We can use **aml.leaderboard** to view the top models built by AutoML and compare their performance. Explore the **leaderboard** to see the different models built by AutoML.

In [None]:
# View the AutoML Leaderboard
lb = aml.leaderboard
lb.head(rows=lb.nrows)  # Print all rows instead of default (10 rows)

## View the top model

We can use **aml.leader** to view the single top model built by AutoML and its performance.

In [None]:
# The leader model is stored here
aml.leader

We can also look at the best model using a specific metric, such as **AUC**., or algorithm, such as **XGBoost**.

In [None]:
# Get the best model based on AUC and using XGBoost
aml.get_best_model(criterion = "AUC", algorithm = "XGBoost")

## Model performance

Now that we have trained our model, we can estimate its performance on our validation data. We can use the `aml.leader.model_performance()` method to get the performance of the leader model on the validation data.

In [None]:
# Get the performance of the leader model
aml.leader.model_performance(test_data=test)

## Model explainability

We can also get a detailed summary of the model built by AutoML using the **explain()** method.

In [None]:
# Get a detailed summary of the best XGBoost model
best_xgb = aml.get_best_model(algorithm = "XGBoost")
best_xgb.explain(test)

## Your Turn

The task we presented for you is a binary classification task. Now, we want you to try AutoML for a regression task. We will use the **California Housing** dataset for this task. The dataset contains 8 features and 20640 samples. The task is to predict the median house value for each block in California. The dataset is available in the **sklearn.datasets** module. You can use the **fetch_california_housing()** function to load the dataset.

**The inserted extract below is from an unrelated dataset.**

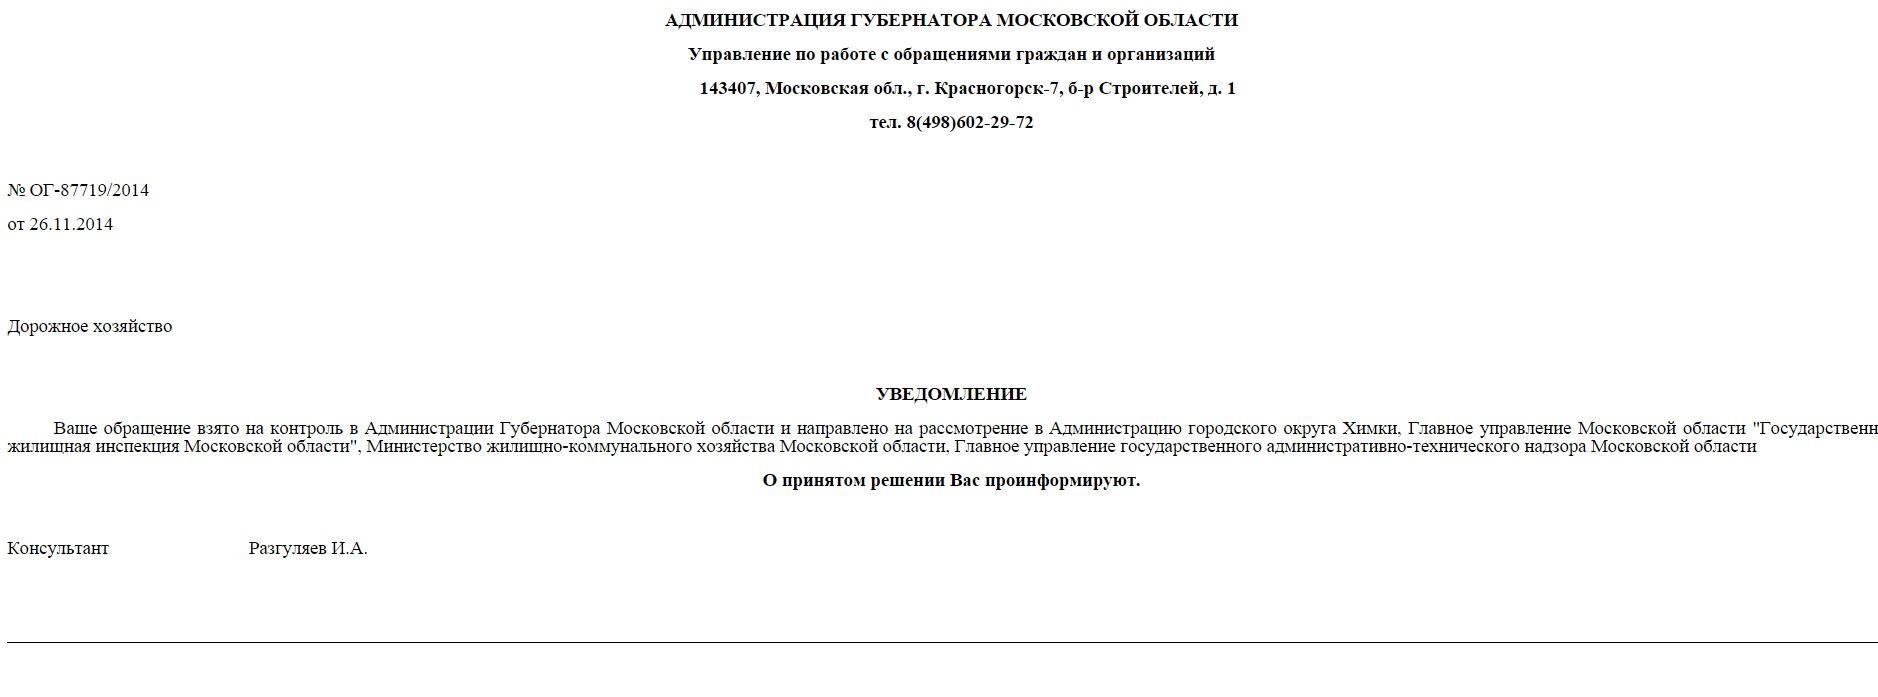 Тихомировой 26-11-2014 Губернатор

You can also find more information about the dataset [here](https://scikit-learn.org/stable/datasets/index.html#california-housing-dataset).

In [None]:
from sklearn.datasets import fetch_california_housing
import h2o

# Initialize h2o and remove any previous data
h2o.init()
h2o.remove_all()

# Load and preprocess the data
X_train, X_test = load_and_prep_data(fetch_california_housing)

In [None]:
# Convert pandas dataframe to h2o frame
train = h2o.H2OFrame(X_train)
test = h2o.H2OFrame(X_test)

# Identify predictors and response
x = train.columns
y = "target"
x.remove(y)

# For regression, response should be a numeric
train[y] = train[y].asnumeric()
test[y] = test[y].asnumeric()

In [None]:
## Your code here - build an H2OAutoML model for the Boston Housing dataset, select a model, and report on its performance
## What's the best accuracy you can get?